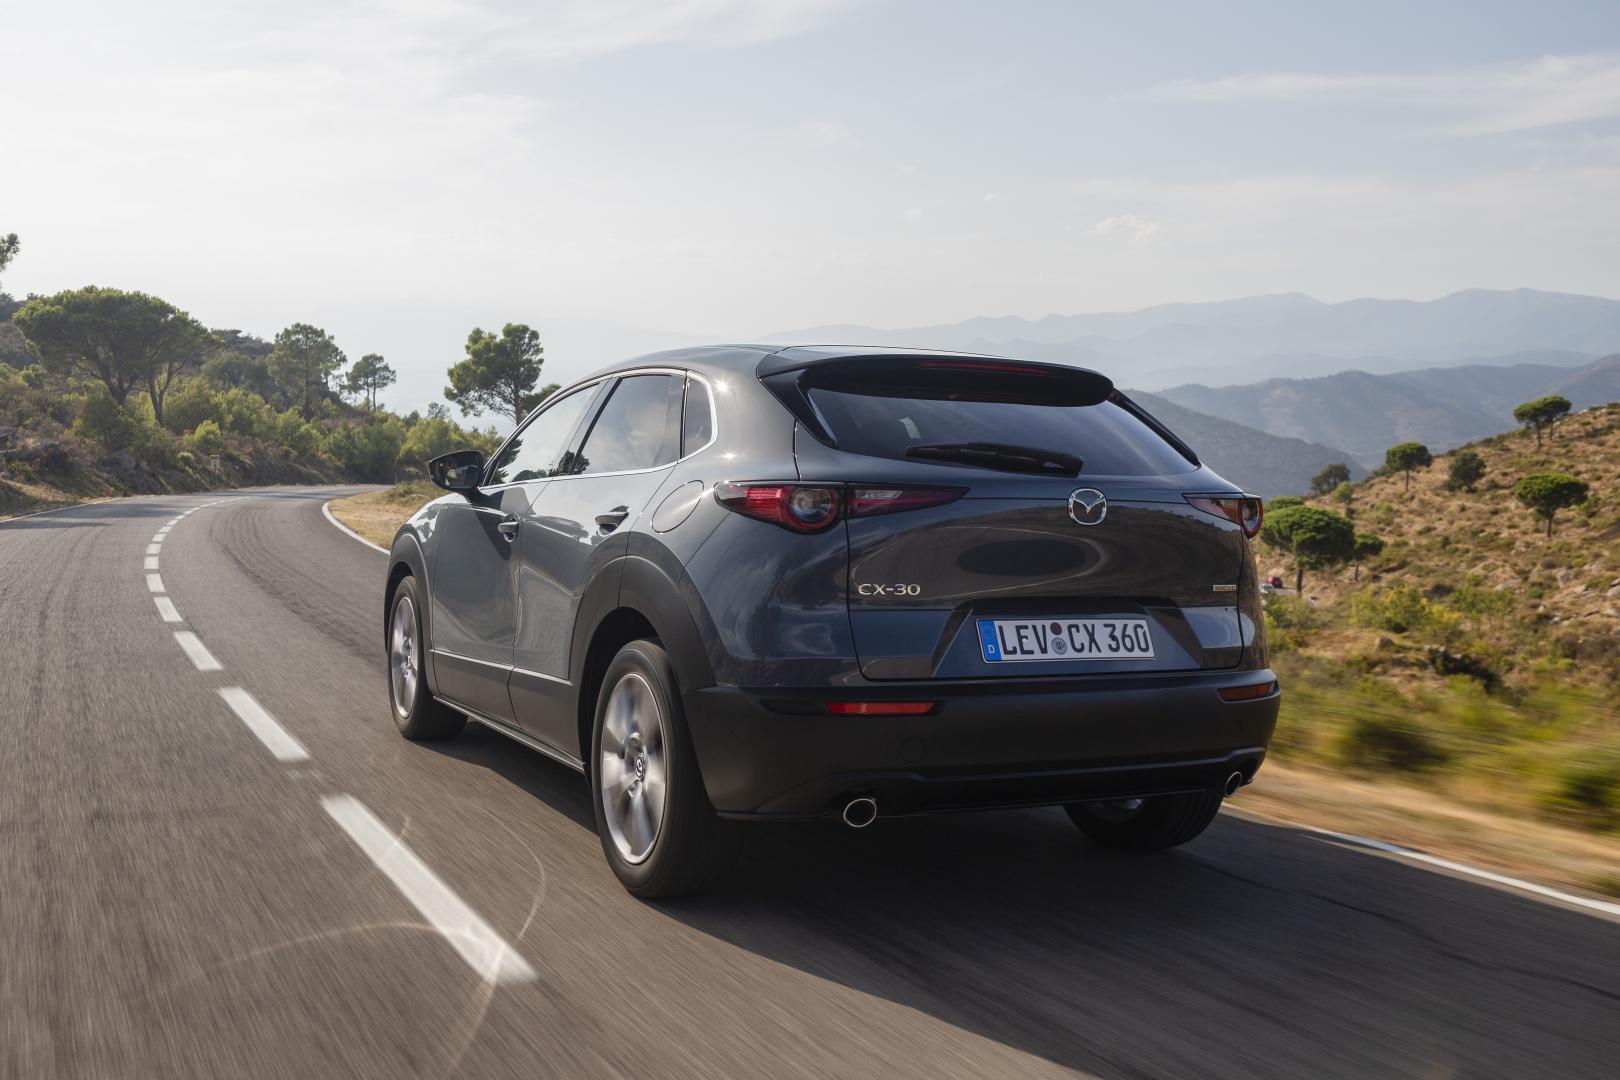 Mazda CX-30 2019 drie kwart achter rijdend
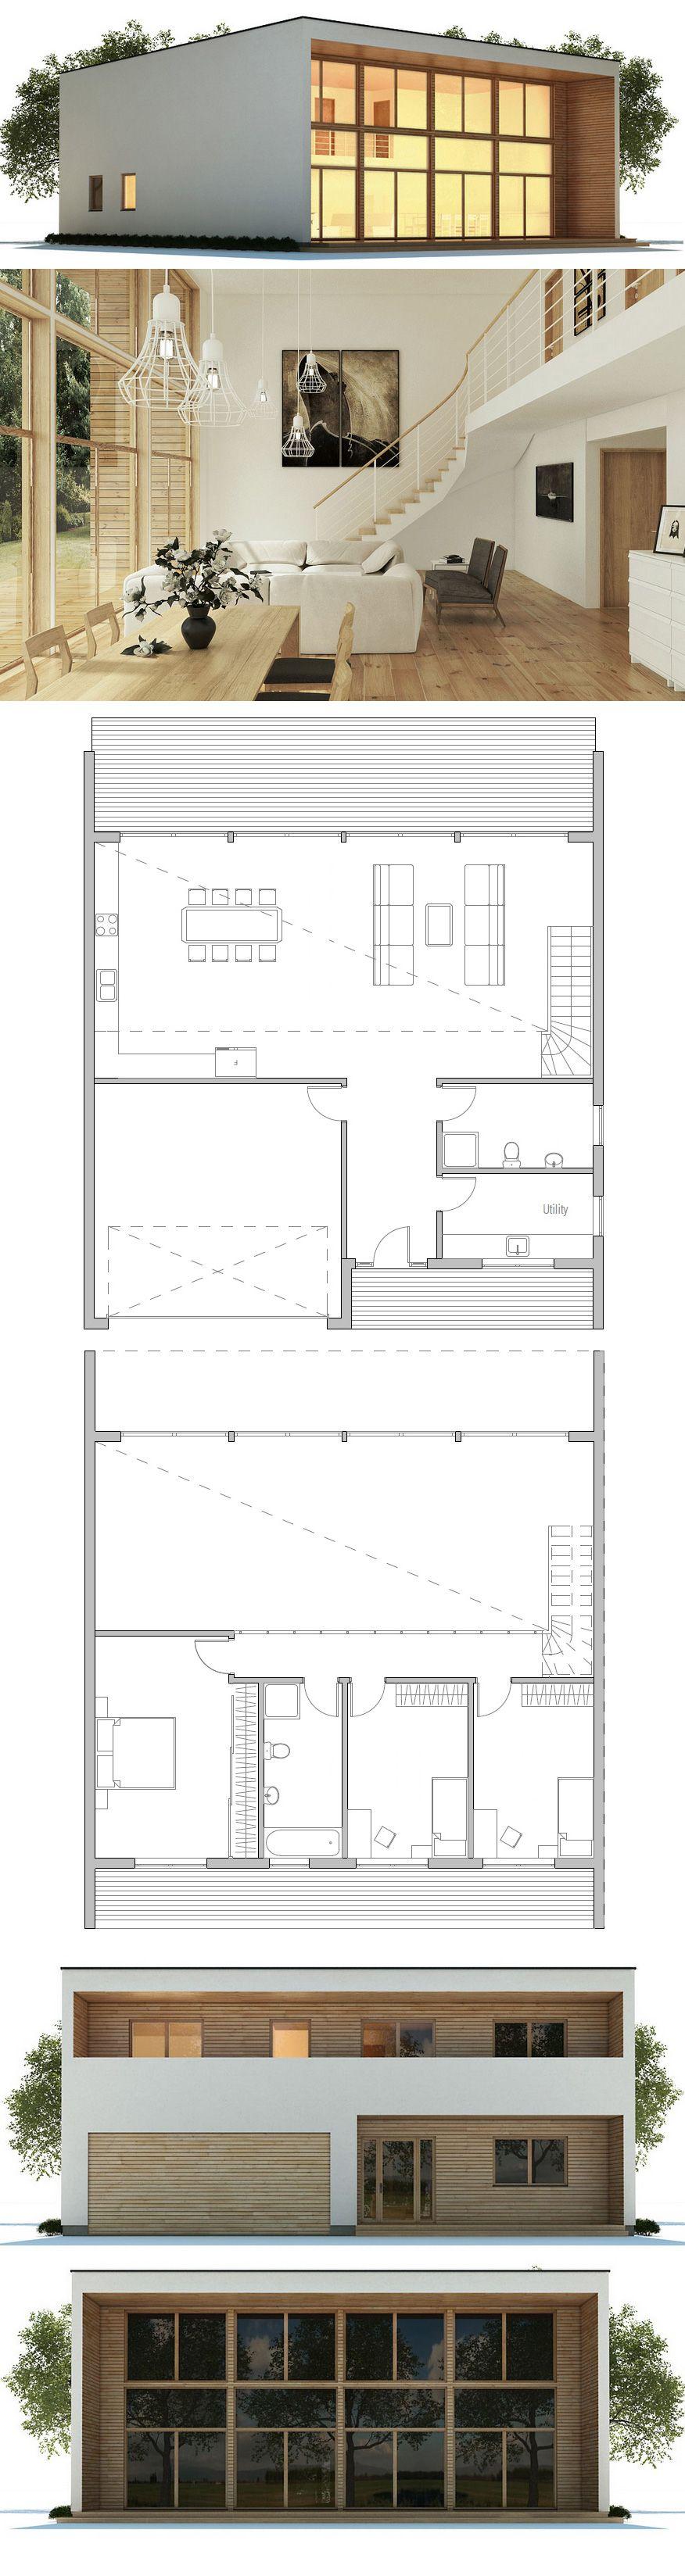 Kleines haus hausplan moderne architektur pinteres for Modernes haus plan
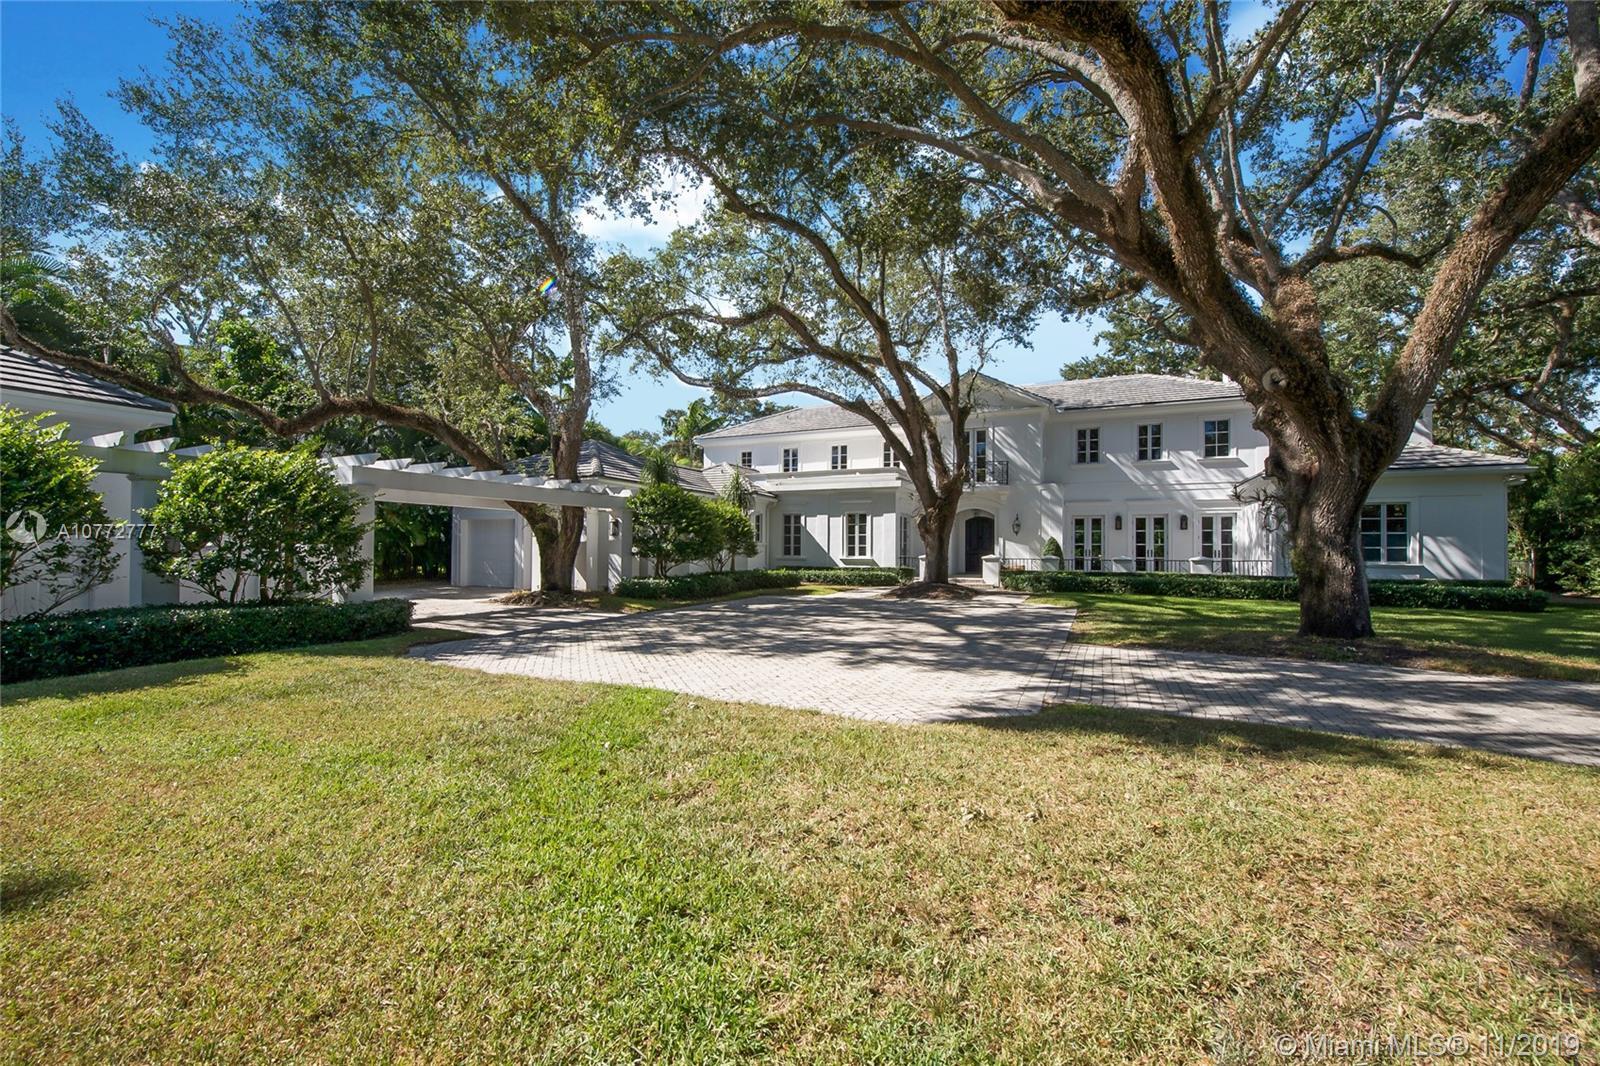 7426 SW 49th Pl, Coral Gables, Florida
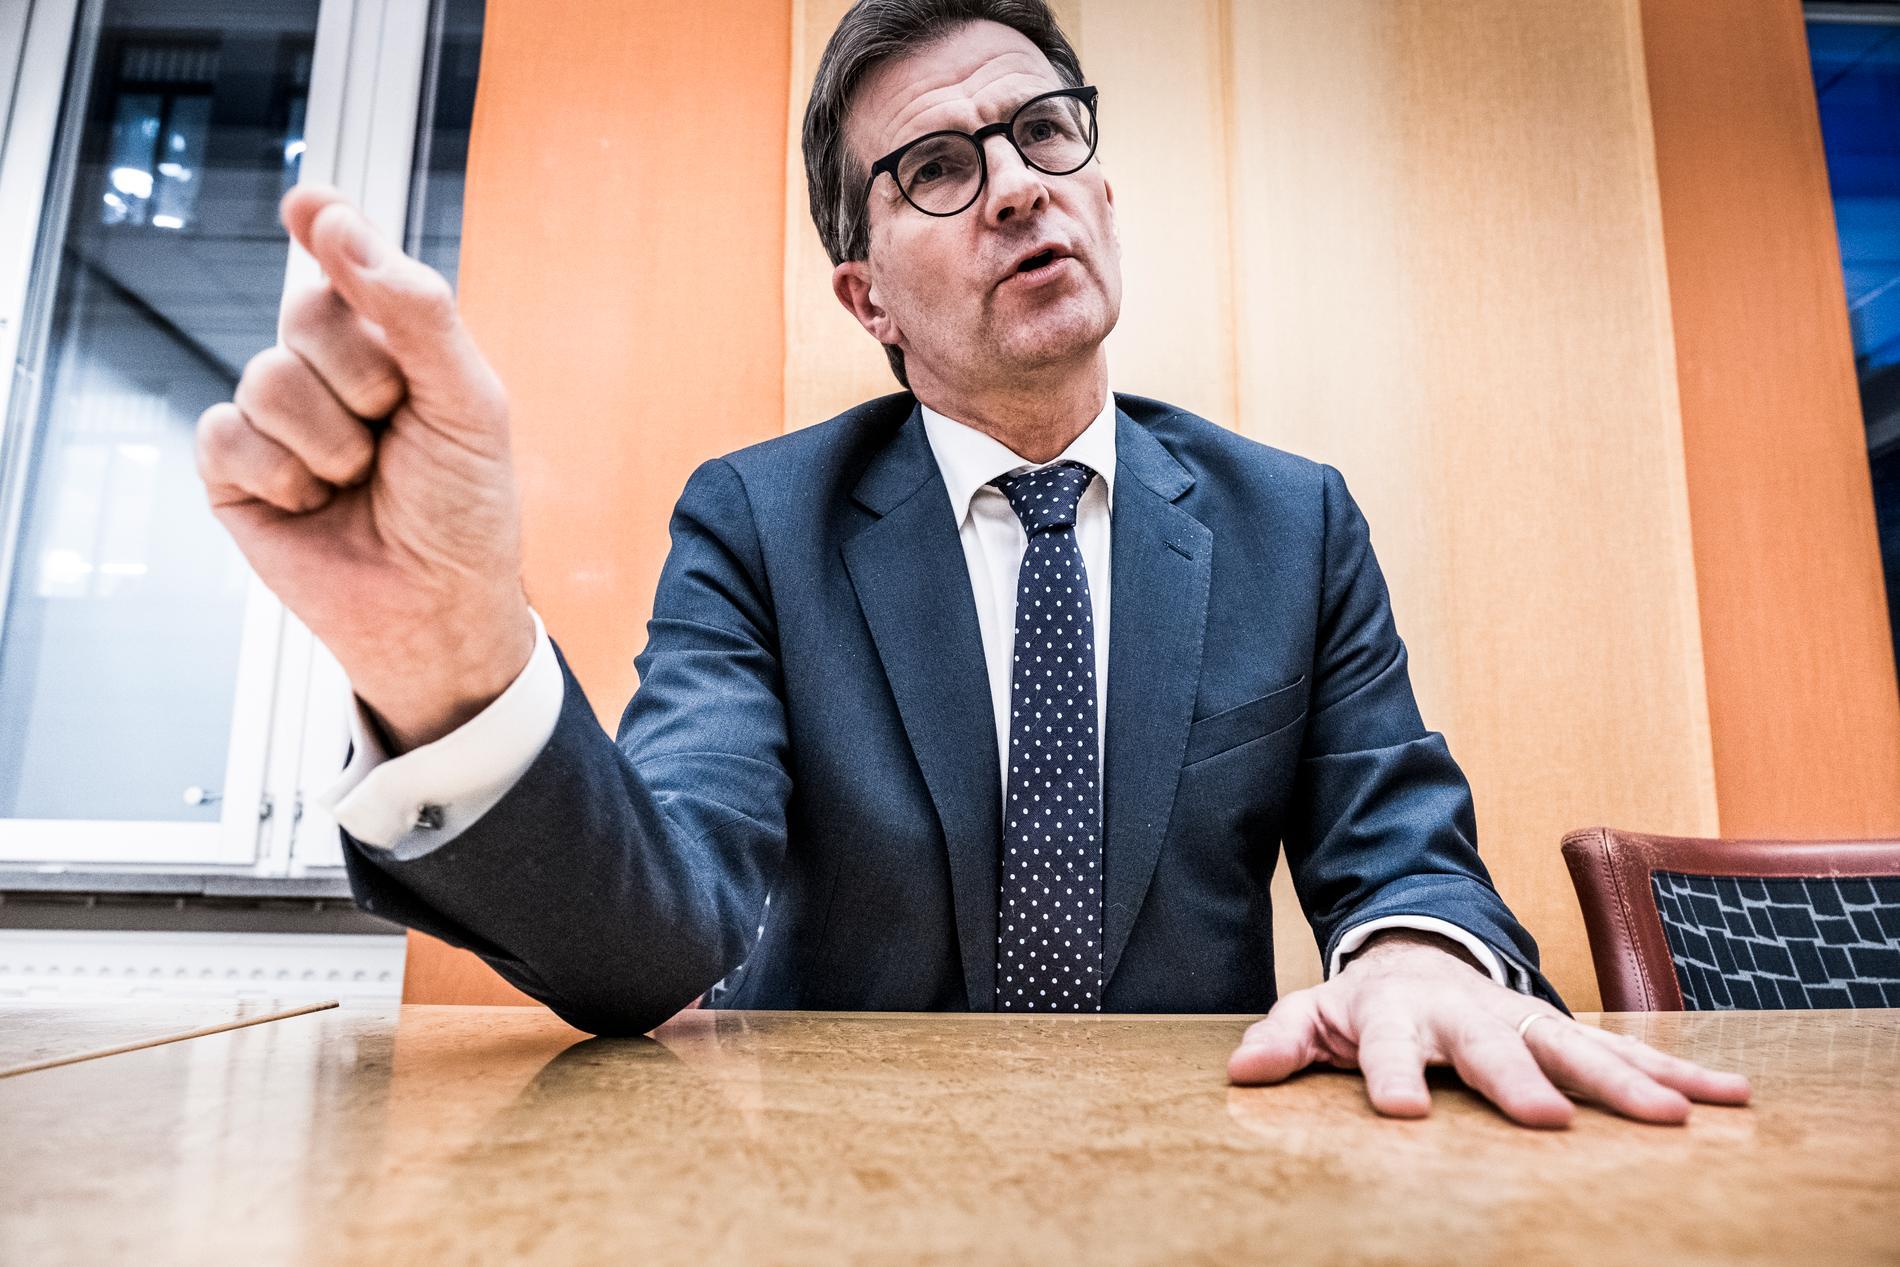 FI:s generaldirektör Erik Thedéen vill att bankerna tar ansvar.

# WHAT IS REQUIRED:
Leave the pictures out, and please copy only the lines from the one with "7426 SW 49th Pl, Coral Gables, Florida" through the end of the listing.

# RESPONSE AREA:
 7426 SW 49th Pl, Coral Gables, Florida
 FI:s generaldirektör Erik Thedéen vill att bankerna tar ansvar.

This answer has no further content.